** Provided data follows **

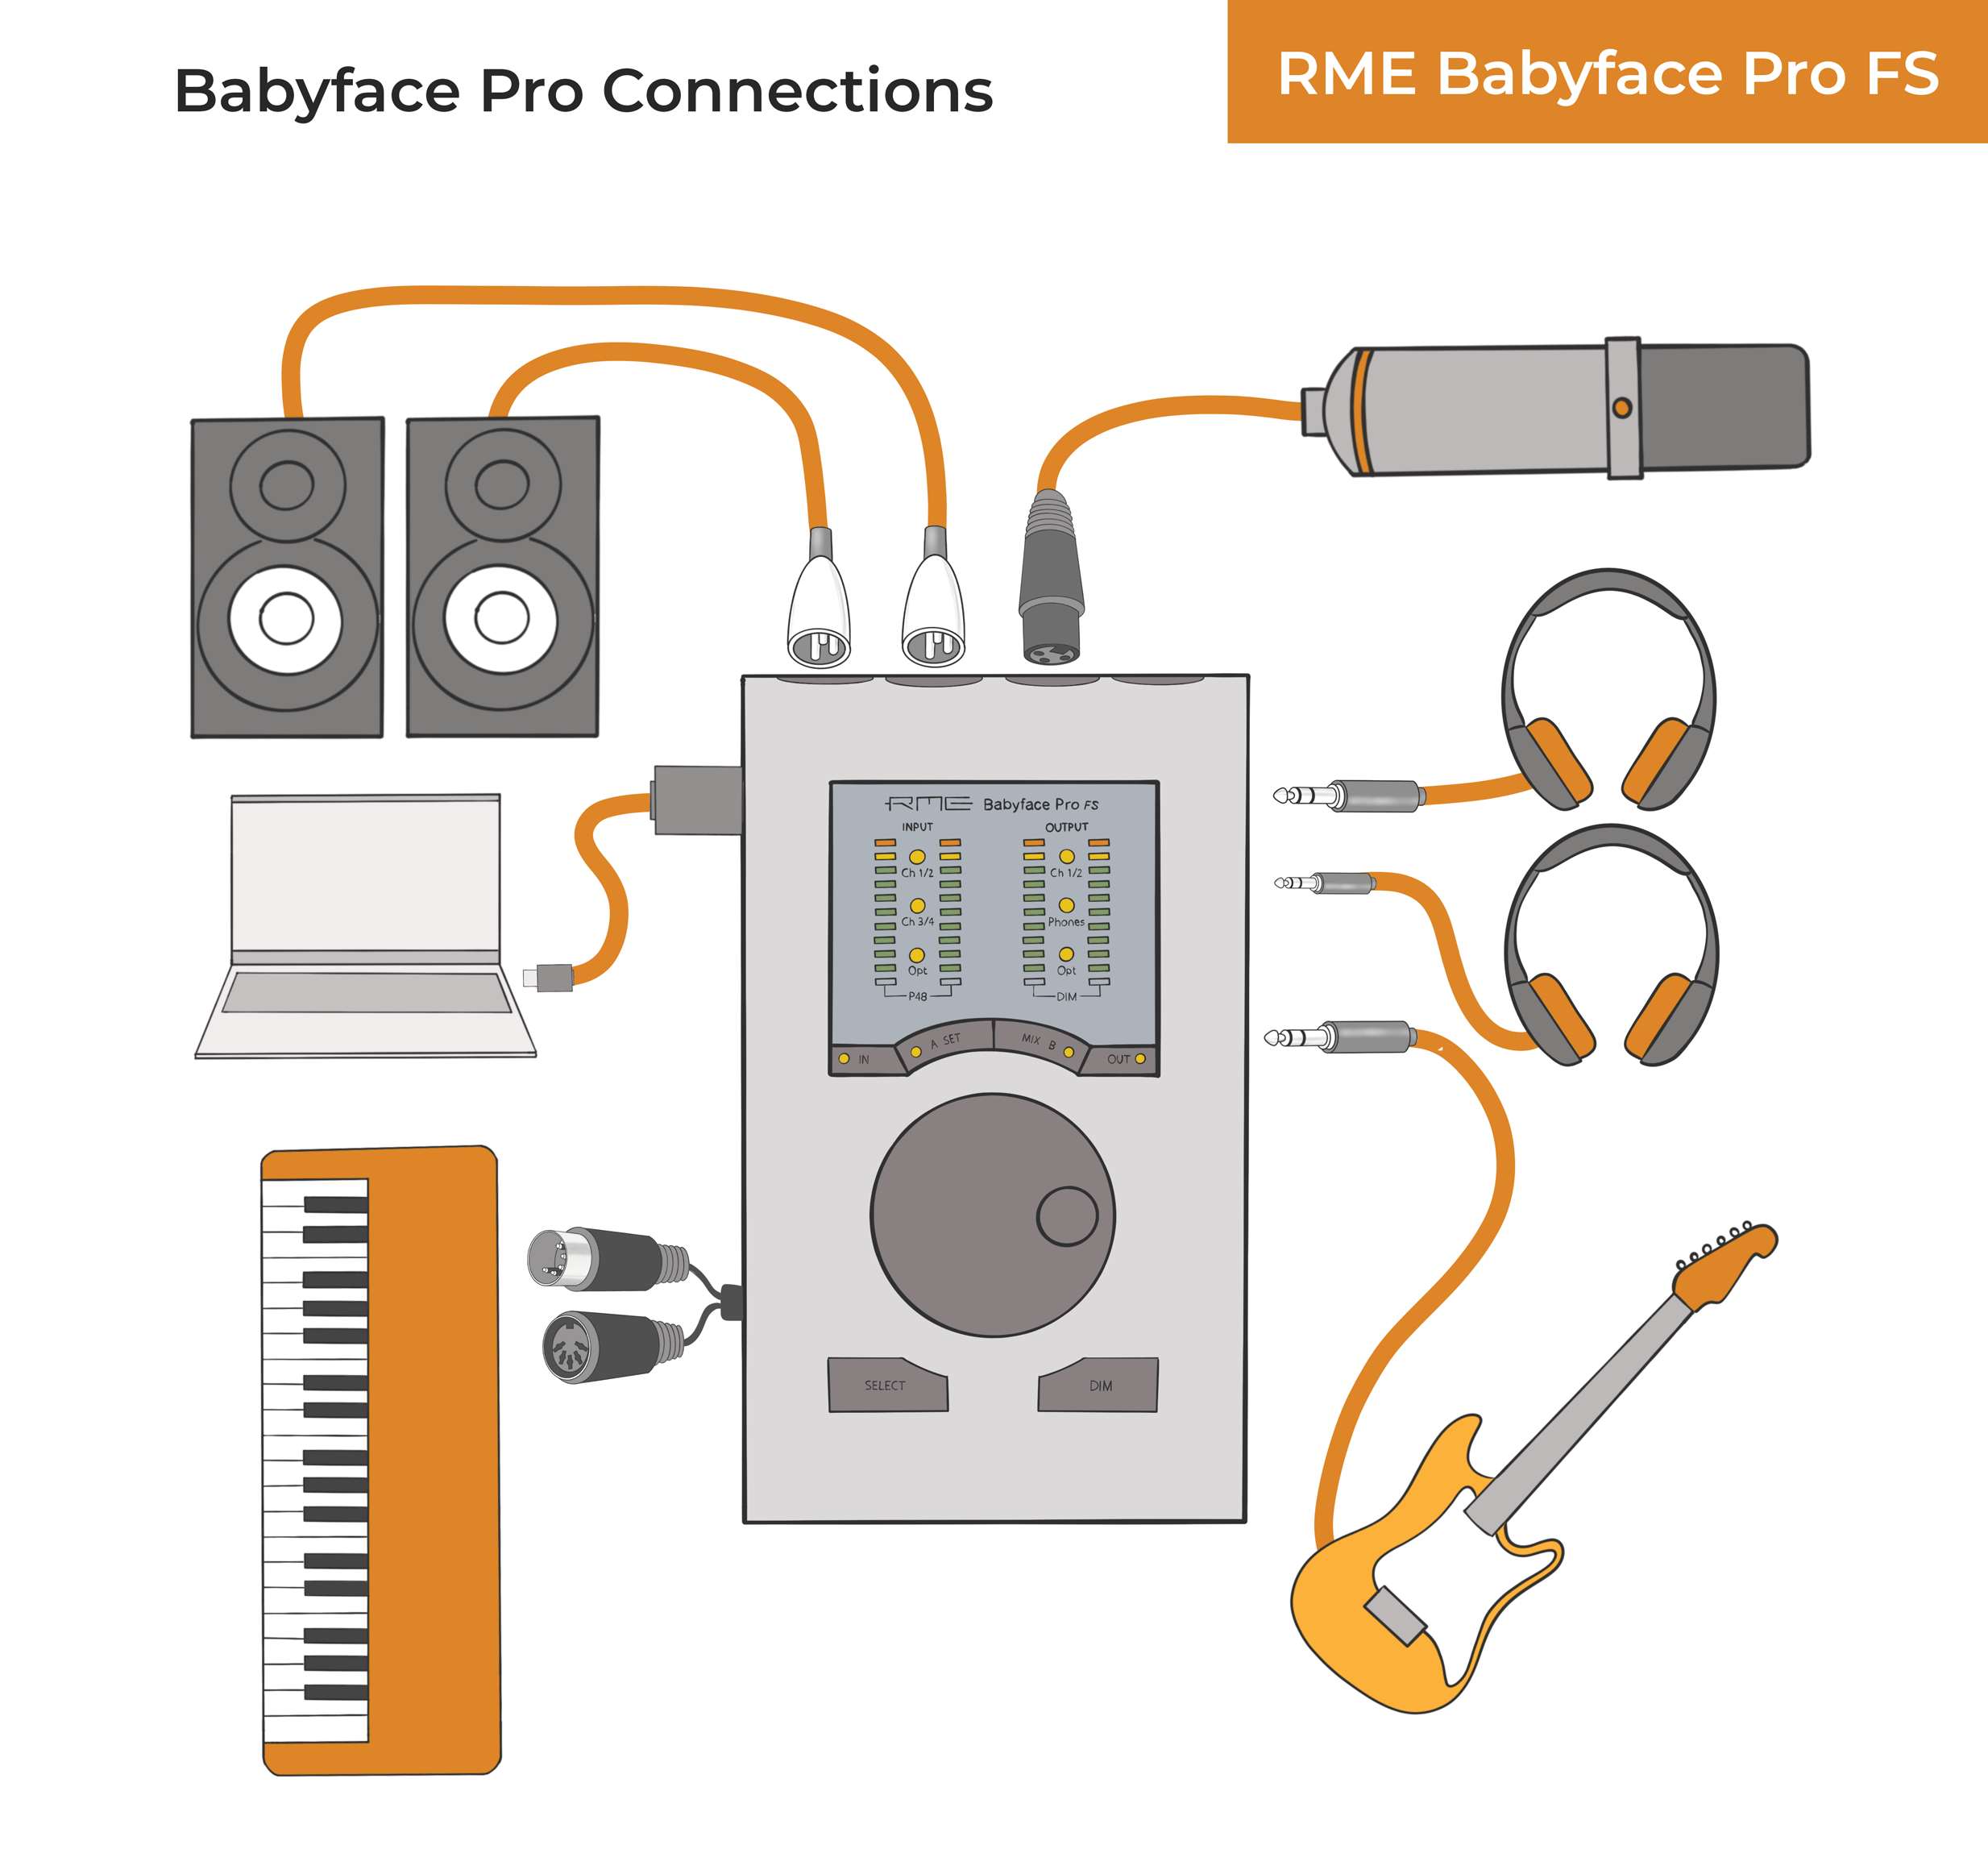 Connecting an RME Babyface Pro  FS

** End of Provided data **
** Provided data follows **

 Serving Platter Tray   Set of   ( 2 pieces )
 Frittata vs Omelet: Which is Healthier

** End of Provided data **

## Your task
Taking the records above, retype every line from the one with "Serving Platter Tray" down to the one with "Frittata vs Omelet: Which is Healthier", exactly and with nothing else.

## Written response
 Serving Platter Tray   Set of   ( 2 pieces )
 Frittata vs Omelet: Which is Healthier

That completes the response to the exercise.